National Healthcare Decisions Day

National Healthcare Decisions Day is April 16, and serves as an opportunity for conversations around wishes for end-of-life care between you and your loved ones. Too often we let those wishes go unspoken until a medical emergency arises – but a crisis is not the time to have difficult, complicated discussions. Emotions run high and it’s hard to think clearly, or you may be incapable of communicating for any number of reasons. It’s important that your medical team, family and friends know your preferences and choices ahead of time. We’re here with some resources to help you plan and put your mind at ease.

As you begin this process, the two most important documents are the Advance Directive and POLST.

Advance Directive

This document provides the detailed legal instructions for your medical team, family and friends about what is important to you in the event you become incapacitated. With the help of a lawyer, this document also allows you to legally name someone to make health decisions on your behalf in the event of incapacity. During a medical emergency, you may not be able to communicate, so this document gives that person medical direction to make informed decisions on your behalf. It also directs the medical staff about with whom they can communicate about your care and from whom they can take advice.

POLST

A POLST is a portable medical order. In Oregon, there is a state POLST form you can fill out with a health care provider that essentially turns your medical wishes into documents that can travel with you across care facilities, helping providers better understand and honor your wishes. These are documented in your medical records, but also serve as an on-the-go document available in case of emergency.

In the absence of the direction these documents give, health care providers will automatically perform treatment focused on saving your life. This is called the standard of care - but depending on where you are in your life and what your beliefs may be, this standard may or may not suit your interests. That’s why it’s so crucial to consider your wishes now.
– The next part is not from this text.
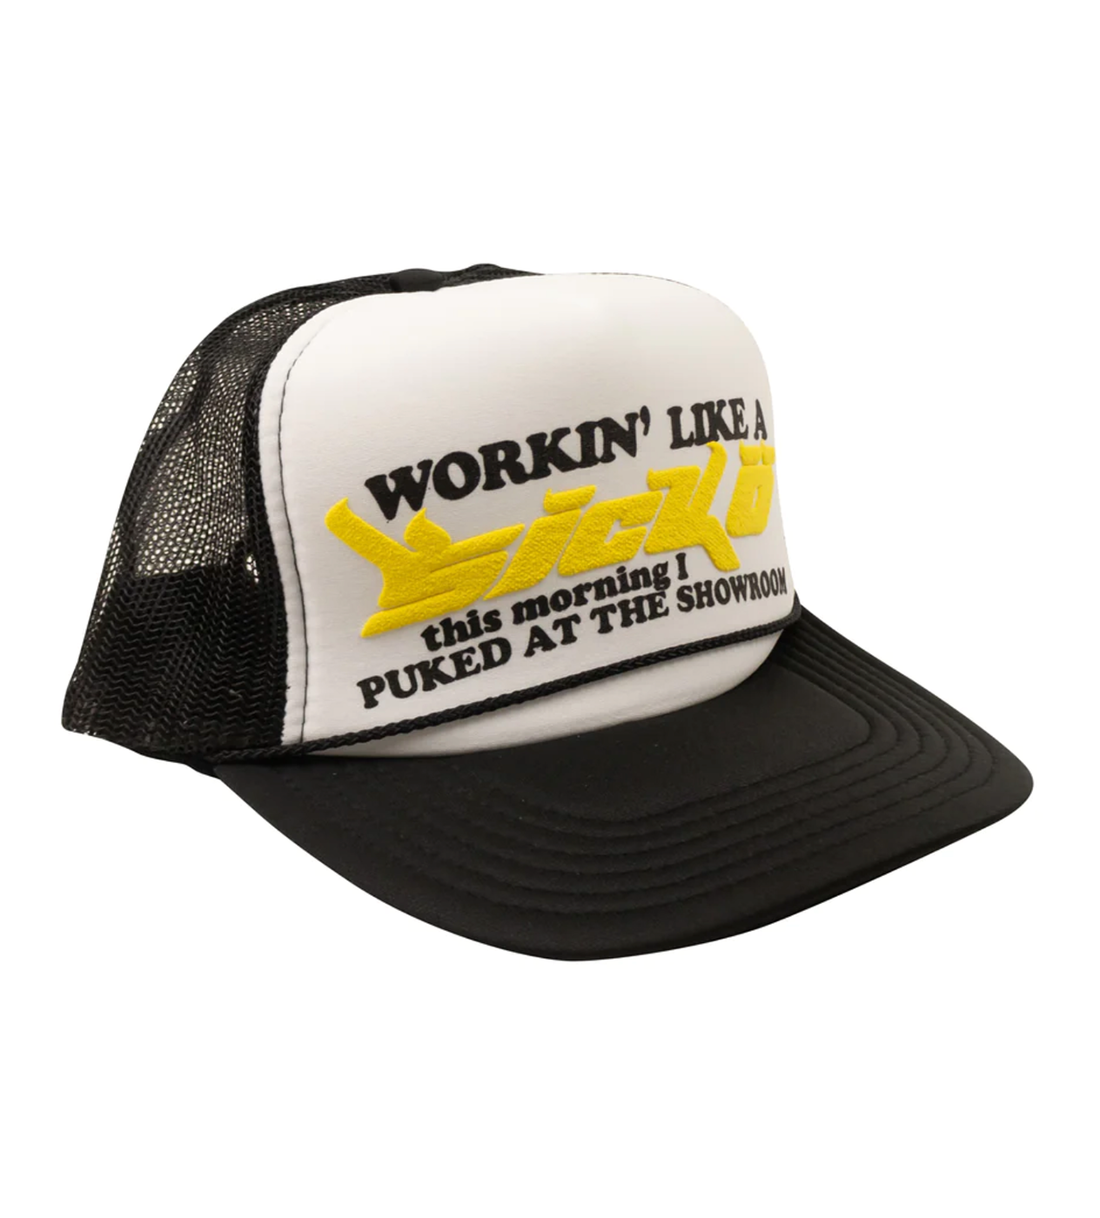 Sicko Trucker Hat Black/Yellow
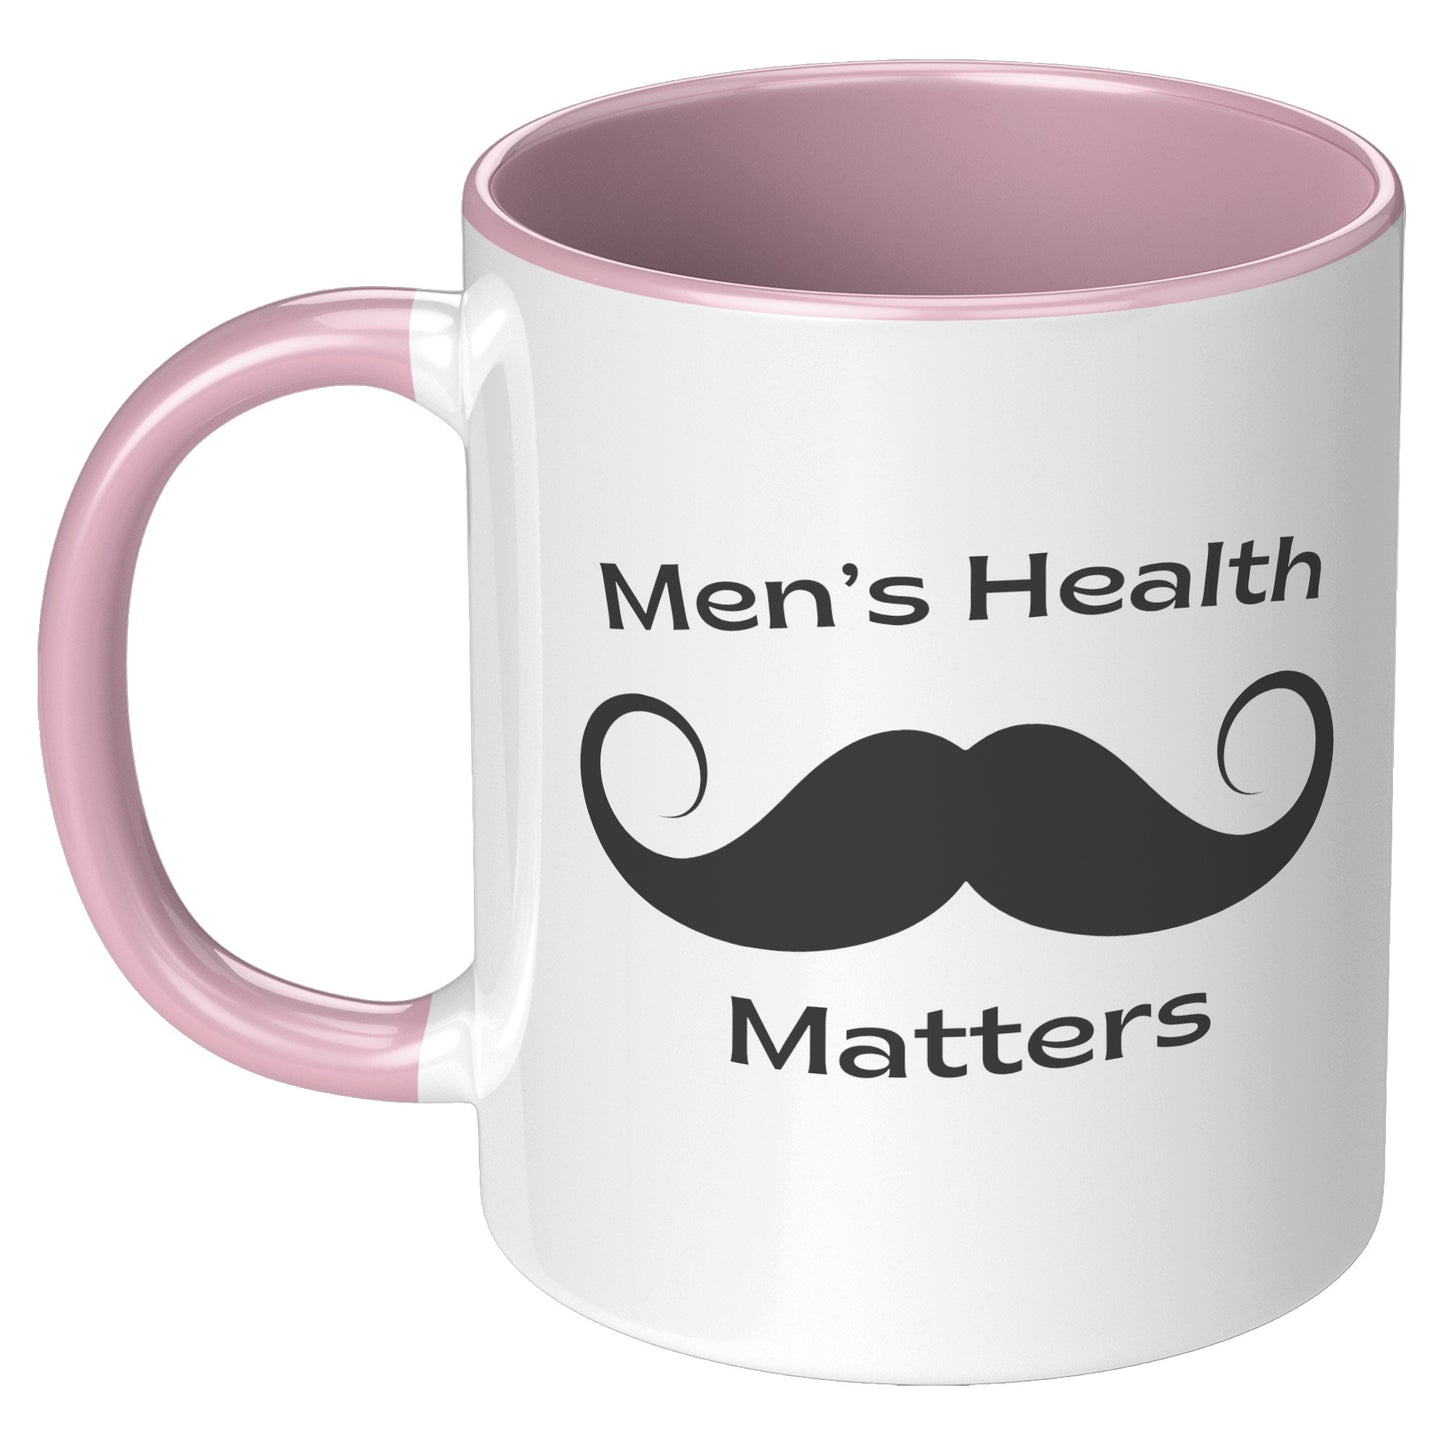 11oz Accent Mug Movember Men's Health Matters Left-Handed

Wonderful resources for advance planning can also be found at The Conversation Project, which offers guides to starting the conversation with your family, to talking with your health care team, and to figuring out what matters most to you about your care.  If you were diagnosed with a serious illness, how much information would you want from your care team? Where do you prefer to be toward the end of your life? These are questions The Conversation Project’s guides can help you work through.

Five Wishes, a program recently adopted by Cascade Health as a community resource, offers a simple, easy-to-fill-out advance directive that is valid under the laws of most states, including Oregon. In just a few pages, it gathers information on five major decisions or wishes:

  • The person you want to make health care decisions for you when you can’t make them for yourself;

  • The kind of medical treatment you want or don’t want;

  • How you want to be kept comfortable;

  • How you want people to treat you; and

  • What you want your loved ones to know.

Talking about illness and end-of-life care can be tough, but doing it now gives you a say in your healthcare, both now and later.